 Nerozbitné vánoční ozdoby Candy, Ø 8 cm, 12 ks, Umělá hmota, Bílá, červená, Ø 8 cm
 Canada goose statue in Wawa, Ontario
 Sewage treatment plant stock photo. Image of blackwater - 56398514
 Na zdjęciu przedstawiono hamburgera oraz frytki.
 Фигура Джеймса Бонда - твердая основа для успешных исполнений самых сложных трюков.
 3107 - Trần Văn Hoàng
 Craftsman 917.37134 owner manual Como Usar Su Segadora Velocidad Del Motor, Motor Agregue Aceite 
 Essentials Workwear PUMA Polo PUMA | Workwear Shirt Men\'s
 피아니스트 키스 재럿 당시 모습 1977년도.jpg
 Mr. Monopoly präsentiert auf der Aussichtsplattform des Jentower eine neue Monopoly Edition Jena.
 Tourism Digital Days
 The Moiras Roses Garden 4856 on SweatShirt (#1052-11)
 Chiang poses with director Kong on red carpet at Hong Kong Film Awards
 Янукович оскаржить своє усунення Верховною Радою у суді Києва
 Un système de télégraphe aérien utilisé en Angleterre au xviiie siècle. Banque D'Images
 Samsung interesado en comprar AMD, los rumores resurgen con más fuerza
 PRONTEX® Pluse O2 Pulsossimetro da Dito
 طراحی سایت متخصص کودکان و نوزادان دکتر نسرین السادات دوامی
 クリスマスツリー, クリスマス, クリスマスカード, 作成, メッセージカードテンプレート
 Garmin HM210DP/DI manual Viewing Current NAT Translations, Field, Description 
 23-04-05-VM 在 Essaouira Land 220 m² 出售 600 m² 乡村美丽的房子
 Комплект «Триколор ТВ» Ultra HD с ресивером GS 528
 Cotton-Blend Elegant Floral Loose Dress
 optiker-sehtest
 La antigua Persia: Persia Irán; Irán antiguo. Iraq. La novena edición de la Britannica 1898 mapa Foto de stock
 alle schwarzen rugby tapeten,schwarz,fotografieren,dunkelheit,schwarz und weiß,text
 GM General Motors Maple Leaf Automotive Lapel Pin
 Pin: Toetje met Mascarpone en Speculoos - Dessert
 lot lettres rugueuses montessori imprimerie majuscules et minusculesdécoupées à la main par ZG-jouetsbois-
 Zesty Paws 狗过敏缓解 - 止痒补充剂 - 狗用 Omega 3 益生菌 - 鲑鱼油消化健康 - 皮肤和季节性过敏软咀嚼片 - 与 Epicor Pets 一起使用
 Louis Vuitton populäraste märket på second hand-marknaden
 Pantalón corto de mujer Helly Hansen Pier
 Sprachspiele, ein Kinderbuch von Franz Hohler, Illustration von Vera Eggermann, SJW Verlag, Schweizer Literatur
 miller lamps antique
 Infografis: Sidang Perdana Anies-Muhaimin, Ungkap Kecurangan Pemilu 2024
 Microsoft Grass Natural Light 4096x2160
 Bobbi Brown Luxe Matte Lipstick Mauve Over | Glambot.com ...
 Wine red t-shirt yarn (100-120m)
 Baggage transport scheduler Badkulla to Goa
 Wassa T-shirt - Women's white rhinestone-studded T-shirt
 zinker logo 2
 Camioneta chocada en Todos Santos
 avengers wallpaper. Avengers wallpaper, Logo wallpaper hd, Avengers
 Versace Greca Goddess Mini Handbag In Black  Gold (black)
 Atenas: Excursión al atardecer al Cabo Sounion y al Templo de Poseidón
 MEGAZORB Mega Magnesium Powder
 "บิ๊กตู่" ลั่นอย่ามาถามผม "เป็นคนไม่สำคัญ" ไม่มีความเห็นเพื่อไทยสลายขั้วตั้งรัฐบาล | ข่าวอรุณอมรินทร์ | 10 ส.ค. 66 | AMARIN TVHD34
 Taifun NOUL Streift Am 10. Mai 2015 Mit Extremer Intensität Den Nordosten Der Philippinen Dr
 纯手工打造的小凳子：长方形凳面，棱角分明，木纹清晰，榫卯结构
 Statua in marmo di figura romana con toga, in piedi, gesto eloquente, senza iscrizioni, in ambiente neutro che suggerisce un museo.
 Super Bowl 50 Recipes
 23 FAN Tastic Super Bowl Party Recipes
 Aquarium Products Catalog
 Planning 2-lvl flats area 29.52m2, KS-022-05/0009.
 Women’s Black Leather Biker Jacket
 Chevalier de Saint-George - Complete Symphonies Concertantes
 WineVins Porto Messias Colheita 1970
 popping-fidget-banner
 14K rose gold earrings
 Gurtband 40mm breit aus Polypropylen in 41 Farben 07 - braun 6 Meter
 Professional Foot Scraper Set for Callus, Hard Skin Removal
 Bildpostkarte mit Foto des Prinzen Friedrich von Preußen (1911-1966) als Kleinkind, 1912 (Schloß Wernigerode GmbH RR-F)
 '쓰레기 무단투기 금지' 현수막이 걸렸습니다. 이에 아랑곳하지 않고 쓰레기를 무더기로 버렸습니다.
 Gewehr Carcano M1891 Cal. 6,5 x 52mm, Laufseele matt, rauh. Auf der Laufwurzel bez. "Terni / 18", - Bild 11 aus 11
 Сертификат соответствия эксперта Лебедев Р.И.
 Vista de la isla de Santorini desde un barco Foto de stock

## Task instructions
Give every entry back exactly as it was written above.

## Task result
 Nerozbitné vánoční ozdoby Candy, Ø 8 cm, 12 ks, Umělá hmota, Bílá, červená, Ø 8 cm
 Canada goose statue in Wawa, Ontario
 Sewage treatment plant stock photo. Image of blackwater - 56398514
 Na zdjęciu przedstawiono hamburgera oraz frytki.
 Фигура Джеймса Бонда - твердая основа для успешных исполнений самых сложных трюков.
 3107 - Trần Văn Hoàng
 Craftsman 917.37134 owner manual Como Usar Su Segadora Velocidad Del Motor, Motor Agregue Aceite 
 Essentials Workwear PUMA Polo PUMA | Workwear Shirt Men\'s
 피아니스트 키스 재럿 당시 모습 1977년도.jpg
 Mr. Monopoly präsentiert auf der Aussichtsplattform des Jentower eine neue Monopoly Edition Jena.
 Tourism Digital Days
 The Moiras Roses Garden 4856 on SweatShirt (#1052-11)
 Chiang poses with director Kong on red carpet at Hong Kong Film Awards
 Янукович оскаржить своє усунення Верховною Радою у суді Києва
 Un système de télégraphe aérien utilisé en Angleterre au xviiie siècle. Banque D'Images
 Samsung interesado en comprar AMD, los rumores resurgen con más fuerza
 PRONTEX® Pluse O2 Pulsossimetro da Dito
 طراحی سایت متخصص کودکان و نوزادان دکتر نسرین السادات دوامی
 クリスマスツリー, クリスマス, クリスマスカード, 作成, メッセージカードテンプレート
 Garmin HM210DP/DI manual Viewing Current NAT Translations, Field, Description 
 23-04-05-VM 在 Essaouira Land 220 m² 出售 600 m² 乡村美丽的房子
 Комплект «Триколор ТВ» Ultra HD с ресивером GS 528
 Cotton-Blend Elegant Floral Loose Dress
 optiker-sehtest
 La antigua Persia: Persia Irán; Irán antiguo. Iraq. La novena edición de la Britannica 1898 mapa Foto de stock
 alle schwarzen rugby tapeten,schwarz,fotografieren,dunkelheit,schwarz und weiß,text
 GM General Motors Maple Leaf Automotive Lapel Pin
 Pin: Toetje met Mascarpone en Speculoos - Dessert
 lot lettres rugueuses montessori imprimerie majuscules et minusculesdécoupées à la main par ZG-jouetsbois-
 Zesty Paws 狗过敏缓解 - 止痒补充剂 - 狗用 Omega 3 益生菌 - 鲑鱼油消化健康 - 皮肤和季节性过敏软咀嚼片 - 与 Epicor Pets 一起使用
 Louis Vuitton populäraste märket på second hand-marknaden
 Pantalón corto de mujer Helly Hansen Pier
 Sprachspiele, ein Kinderbuch von Franz Hohler, Illustration von Vera Eggermann, SJW Verlag, Schweizer Literatur
 miller lamps antique
 Infografis: Sidang Perdana Anies-Muhaimin, Ungkap Kecurangan Pemilu 2024
 Microsoft Grass Natural Light 4096x2160
 Bobbi Brown Luxe Matte Lipstick Mauve Over | Glambot.com ...
 Wine red t-shirt yarn (100-120m)
 Baggage transport scheduler Badkulla to Goa
 Wassa T-shirt - Women's white rhinestone-studded T-shirt
 zinker logo 2
 Camioneta chocada en Todos Santos
 avengers wallpaper. Avengers wallpaper, Logo wallpaper hd, Avengers
 Versace Greca Goddess Mini Handbag In Black  Gold (black)
 Atenas: Excursión al atardecer al Cabo Sounion y al Templo de Poseidón
 MEGAZORB Mega Magnesium Powder
 "บิ๊กตู่" ลั่นอย่ามาถามผม "เป็นคนไม่สำคัญ" ไม่มีความเห็นเพื่อไทยสลายขั้วตั้งรัฐบาล | ข่าวอรุณอมรินทร์ | 10 ส.ค. 66 | AMARIN TVHD34
 Taifun NOUL Streift Am 10. Mai 2015 Mit Extremer Intensität Den Nordosten Der Philippinen Dr
 纯手工打造的小凳子：长方形凳面，棱角分明，木纹清晰，榫卯结构
 Statua in marmo di figura romana con toga, in piedi, gesto eloquente, senza iscrizioni, in ambiente neutro che suggerisce un museo.
 Super Bowl 50 Recipes
 23 FAN Tastic Super Bowl Party Recipes
 Aquarium Products Catalog
 Planning 2-lvl flats area 29.52m2, KS-022-05/0009.
 Women’s Black Leather Biker Jacket
 Chevalier de Saint-George - Complete Symphonies Concertantes
 WineVins Porto Messias Colheita 1970
 popping-fidget-banner
 14K rose gold earrings
 Gurtband 40mm breit aus Polypropylen in 41 Farben 07 - braun 6 Meter
 Professional Foot Scraper Set for Callus, Hard Skin Removal
 Bildpostkarte mit Foto des Prinzen Friedrich von Preußen (1911-1966) als Kleinkind, 1912 (Schloß Wernigerode GmbH RR-F)
 '쓰레기 무단투기 금지' 현수막이 걸렸습니다. 이에 아랑곳하지 않고 쓰레기를 무더기로 버렸습니다.
 Gewehr Carcano M1891 Cal. 6,5 x 52mm, Laufseele matt, rauh. Auf der Laufwurzel bez. "Terni / 18", - Bild 11 aus 11
 Сертификат соответствия эксперта Лебедев Р.И.
 Vista de la isla de Santorini desde un barco Foto de stock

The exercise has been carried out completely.